Incêndios

Julgamento das casas de Pedrógão senta no banco dos réus 28 arguidos

Julgamento das casas de Pedrógão senta no banco dos réus 28 arguidos

O julgamento do processo relativo à reconstrução ou reabilitação das casas de Pedrógão Grande, atingidas pelo incêndio de 2017, deverá ter início hoje, no Auditório Municipal de Pombal. Entre os 28 arguidos, destacam-se o presidente da Autarquia, Valdemar Alves, e o então vereador Bruno Gomes, acusados de 60 crimes cada um.

Valdemar Alves é suspeito de 20 crimes de prevaricação de titular de cargo político, 20 de falsificação de documentos e 20 de burla qualificada, cinco na forma tentada, incorrendo em perda de mandato. Bruno Gomes, que desde outubro de 2017 desempenha apenas funções de técnico, é acusado dos mesmos crimes.

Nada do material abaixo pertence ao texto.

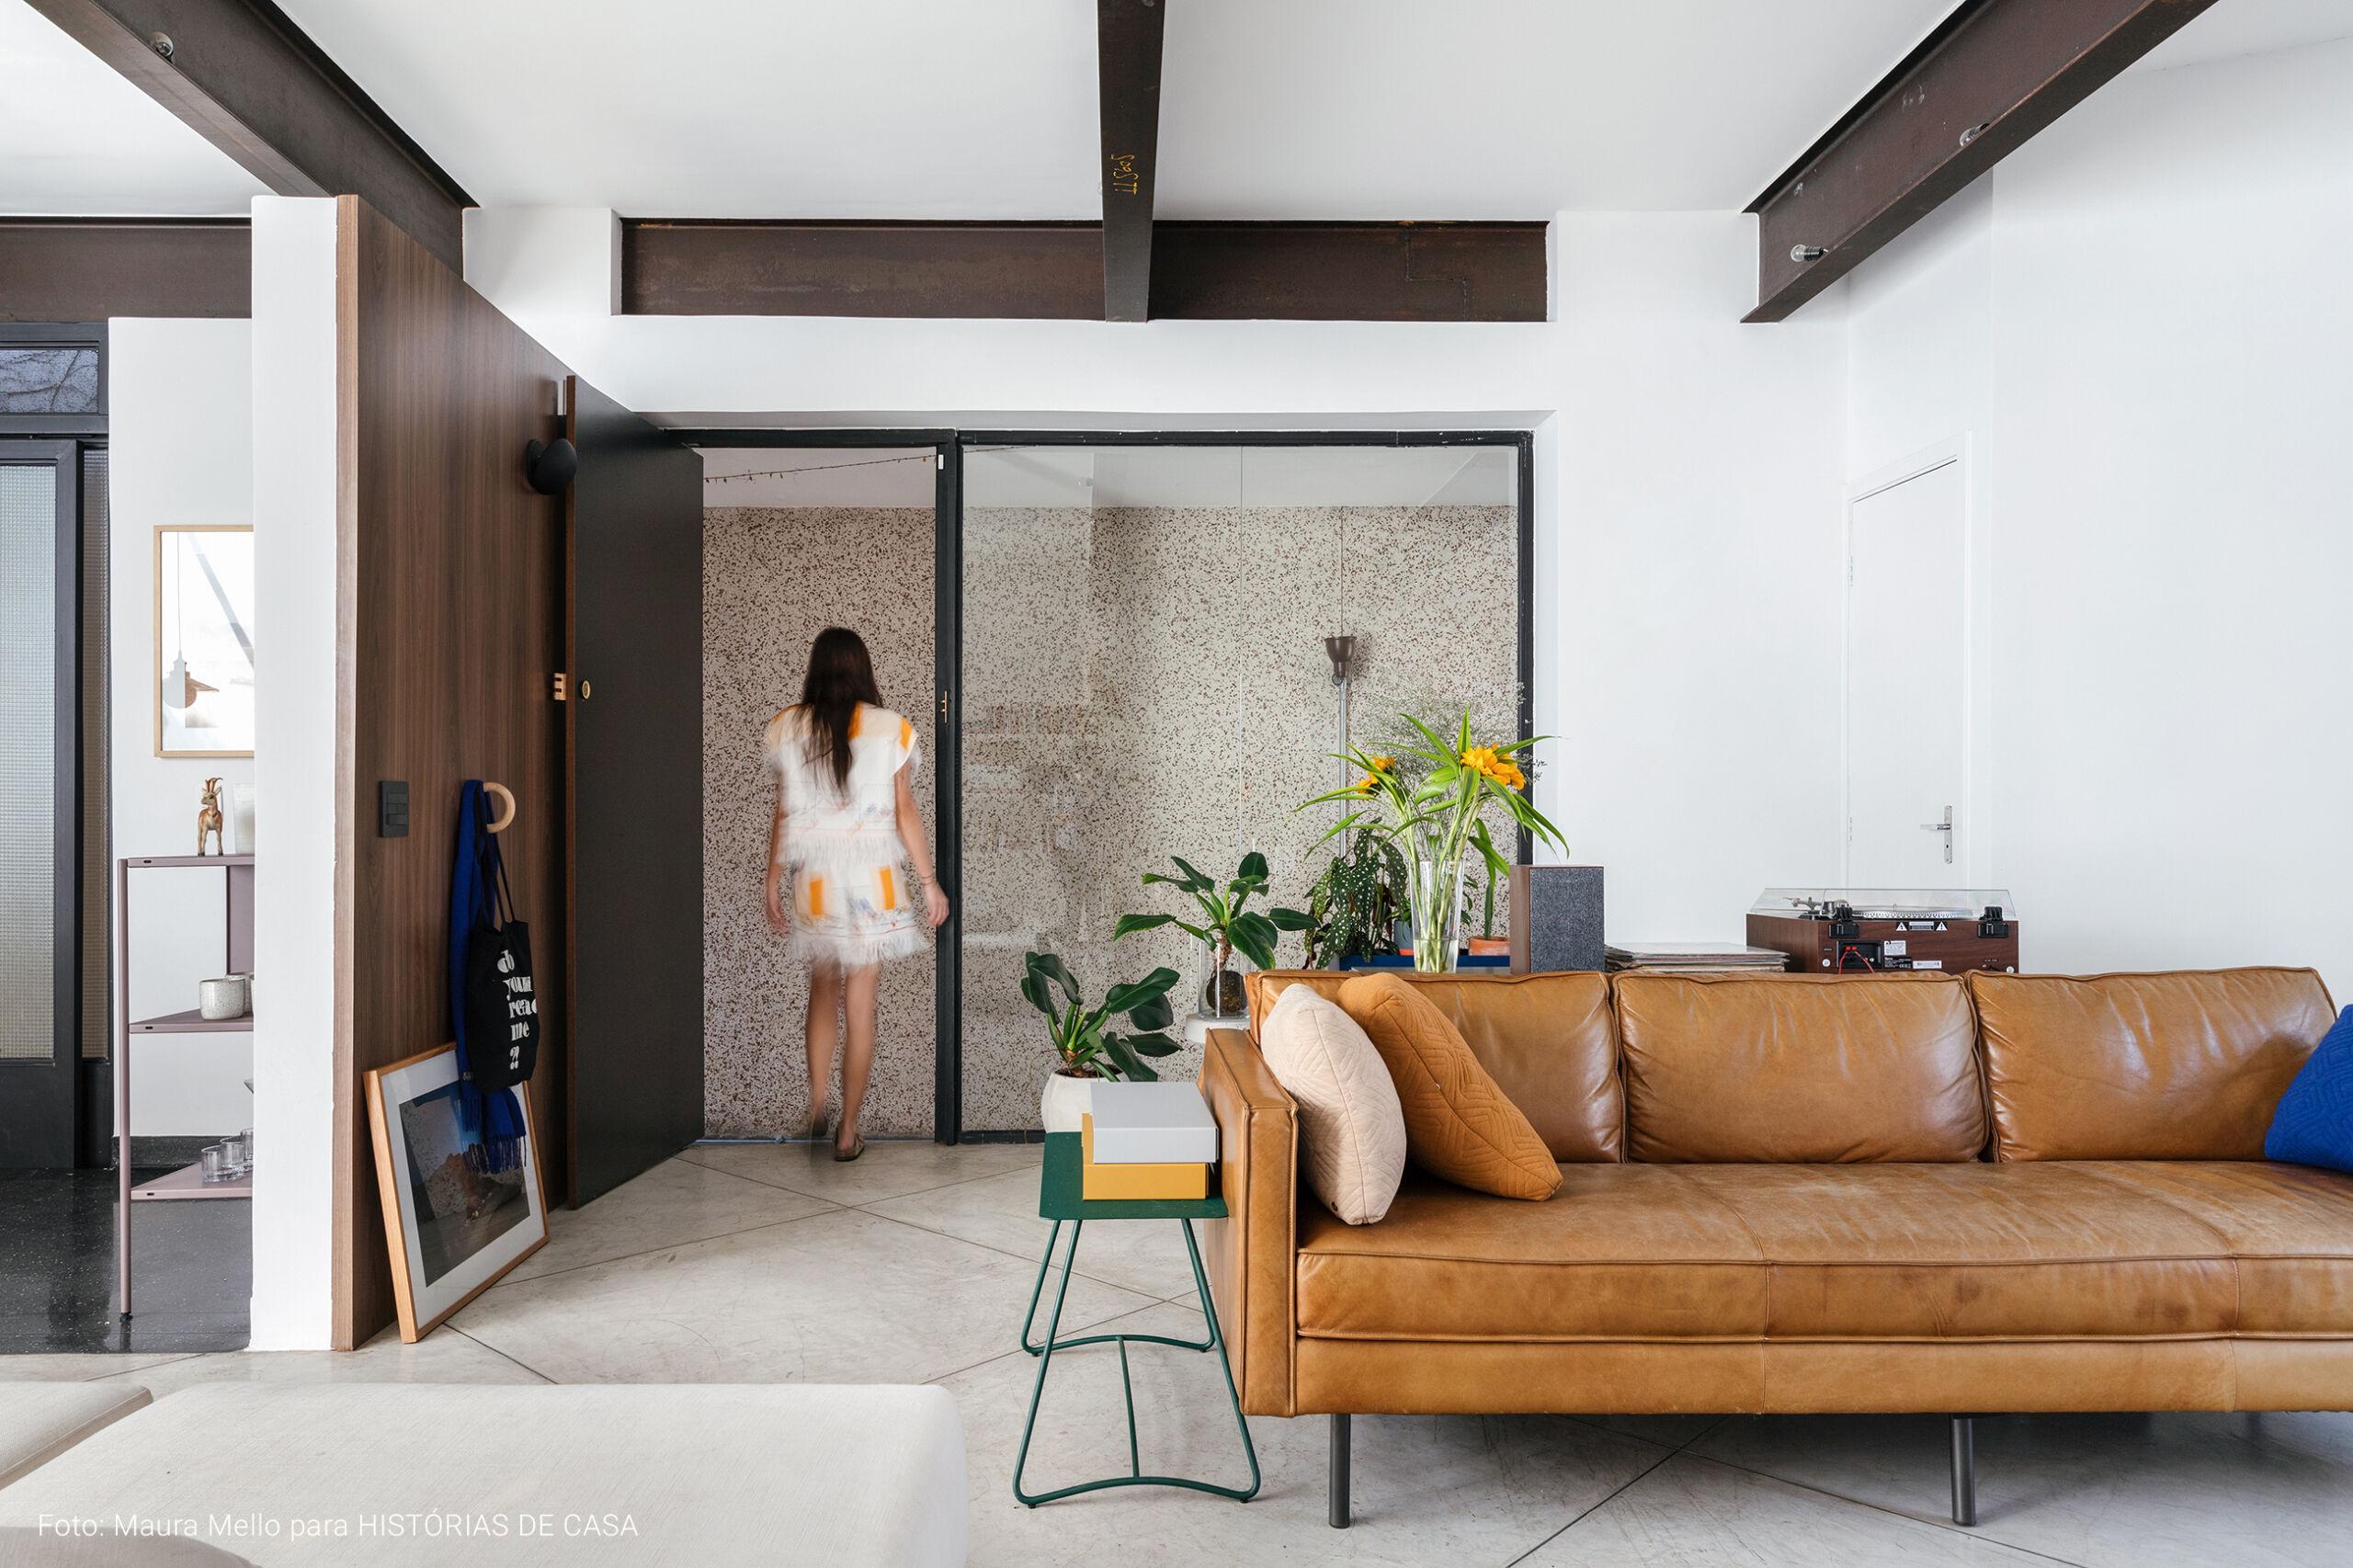 Casa com teto de vidro, piso branco e muita arte
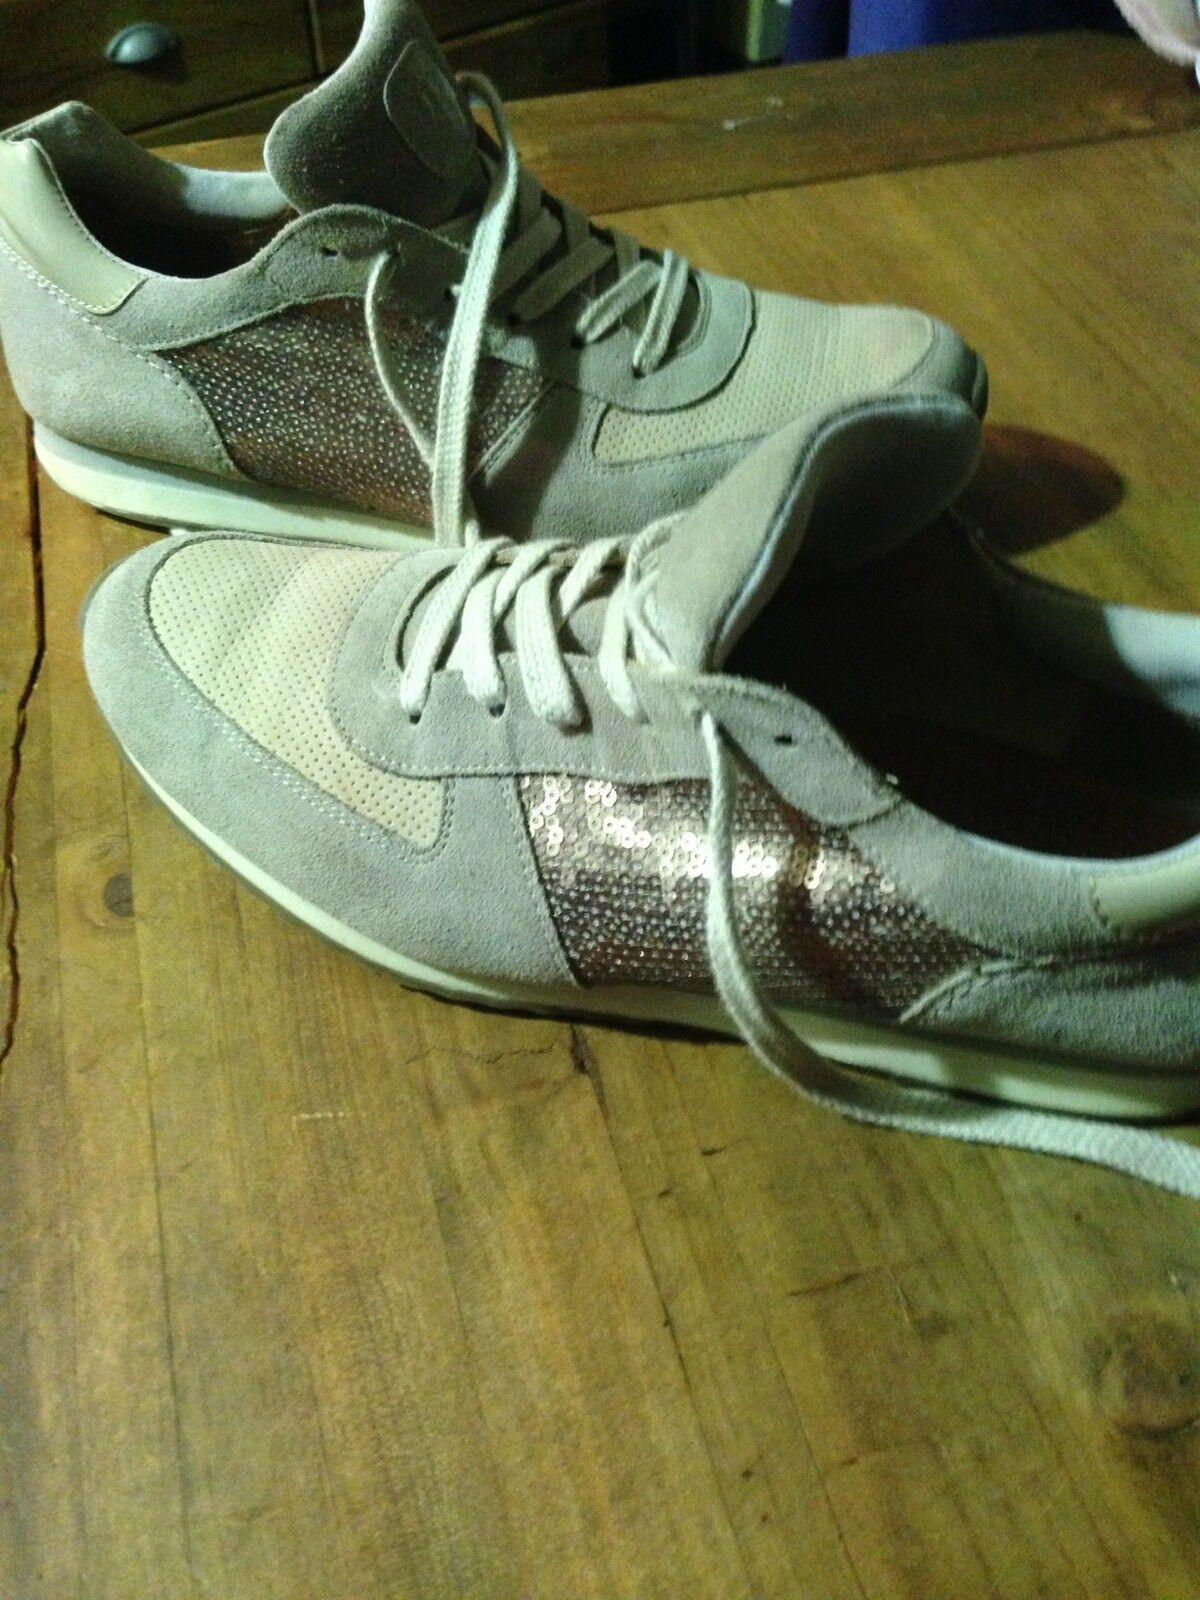 Paul Grün Grün Grün Sneaker 40/6,5 Beige 07fea3

"Os arguidos Valdemar e Bruno dispuseram-se a promover a reabilitação de algumas edificações que, nos levantamentos da própria Autarquia, estavam identificadas como segundas habitações ou não identificadas como habitações permanentes", refere o despacho de acusação do Ministério Público (MP). Isto apesar de os apoios serem destinados a primeiras habitações e atribuídos mediante prova através do domicílio fiscal e da fatura da luz do mês anterior ao incêndio.

Corrupção afastada

O MP considera, contudo, que não foram recolhidos "indícios bastantes da prática dos crimes de participação económica em negócio ou de corrupção" por parte de Valdemar Alves e de Bruno Gomes. "Não foram detetados fluxos financeiros ou comunicações que sustentem a suspeita de que quaisquer dos factos imputados na acusação tenham ocorrido mediante oferta e/ou aceitação de contraprestação indevida".

A acusação refere ainda que os crimes, dos quais terá resultado "benefício ilegítimo de determinados particulares", tiveram como motivação a "consolidação de uma reputação política e de beneficiação do concelho, em detrimento de outros". Leia-se: Castanheira de Pera e Figueiró dos Vinhos, onde o MP considerou não existirem indícios de práticas semelhantes.

Os restantes 24 arguidos são acusados dos crimes de falsas declarações, falsificação de documentos, burla qualificada ou falsidade informática, por terem declarado morar nas casas recuperadas, apesar de residirem noutras. O MP "requer que sejam declaradas perdidas a favor do Estado as vantagens económicas resultantes dos factos imputados na acusação".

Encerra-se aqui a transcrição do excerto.